Comment by daneel_w
3 years ago
My source is my experience from having worked with MariaDB and MySQL for about 15 years now. The two articles you cited are 10 and 13 years old, so let's run a fresh test with two identical test tables that have their columns indexed in opposite order of eachother:
CREATE TABLE a/b
(
x int,
y int,
z int,
)
CREATE INDEX a ON a (x, y, z)
CREATE INDEX b ON b (z, y, x) # index in reverse order
Some pseudocode to illustrate how I filled the tables:
for x = 1 to 10:
for y = 1 to 1000:
for z = 1 to 10000:
INSERT INTO a/b VALUES (x, y, z)
Table a took 25 minutes and 2 seconds to populate with 100 million rows.

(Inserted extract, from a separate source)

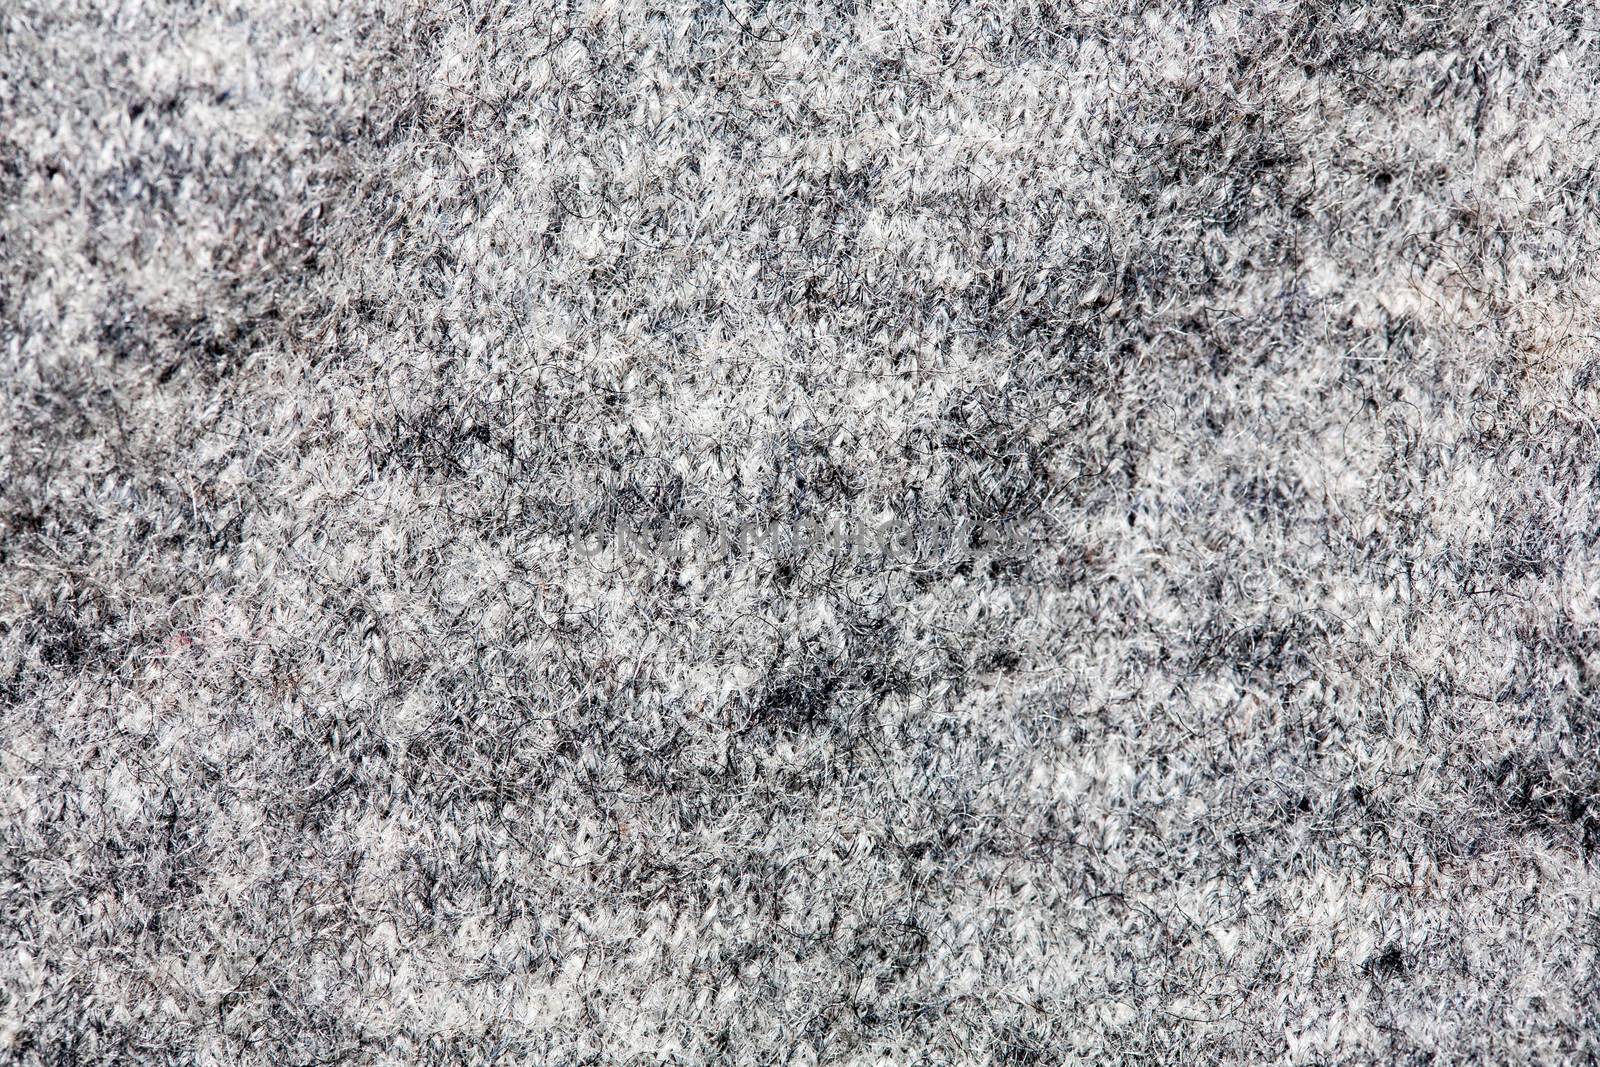 Wool felt fabric background by sfinks

Table b took 37 hours and 40 minutes to populate. Something's up. I built table a a second time, again taking pretty much the same 25 minutes, and I tried building table b again as well but gave up after four hours. It's definitely not the computer acting up, nor the storage.
+--------+------------+
| Table | Checksum |
+--------+------------+
| test.a | 4243132544 |
| test.b | 4243132544 |
+--------+------------+
Not the data either. Both tables checksum identically. Here's what the storage looks like:
-rw-rw---- 1 mysql mysql 6618611712 Jan 15 15:42 a.ibd
-rw-rw---- 1 mysql mysql 8715763712 Jan 16 17:42 b.ibd
+------------+-----------+-----------+
| table_name | data_mb | index_mb |
+------------+-----------+-----------+
| a | 3478.0000 | 2132.0000 |
| b | 3769.0000 | 4290.7344 |
+------------+-----------+-----------+
So the index of table b is obviously a horrendous crow's nest. It's twice as large as the index of table a, and it's even occupying more space than the actual rows themselves. I ran 100k reproducible queries on each of the tables to see how the composite indices perform. More wonky pseudocode:
srand ( 1234567 )
for i = 1 to 100000:
# this includes 0 which is intentional
xr = prng ( 0 to 10 )
yr = prng ( 0 to 1000 )
zr = prng ( 0 to 10000 )
SELECT * FROM a/b WHERE x = xr AND y = yr AND z = zr
table a
=======
42 seconds
48 seconds
35 seconds
table b
=======
87 seconds
71 seconds
69 seconds
Some caching is of course involved. I queried the tables one after another just to see if rattling the cage a bit would have any effect:
table a: 48 seconds
table b: 83 seconds
table a: 61 seconds
table b: 72 seconds
A little bit, but nowhere near enough to outperform the lean and correctly built index on table a. And this is just a simple three-column composite index - the problem I'm illustrating grows exponentially with every column you add to the composite.
Interesting, I’ll have to dig more into this. Thanks for the super detailed response!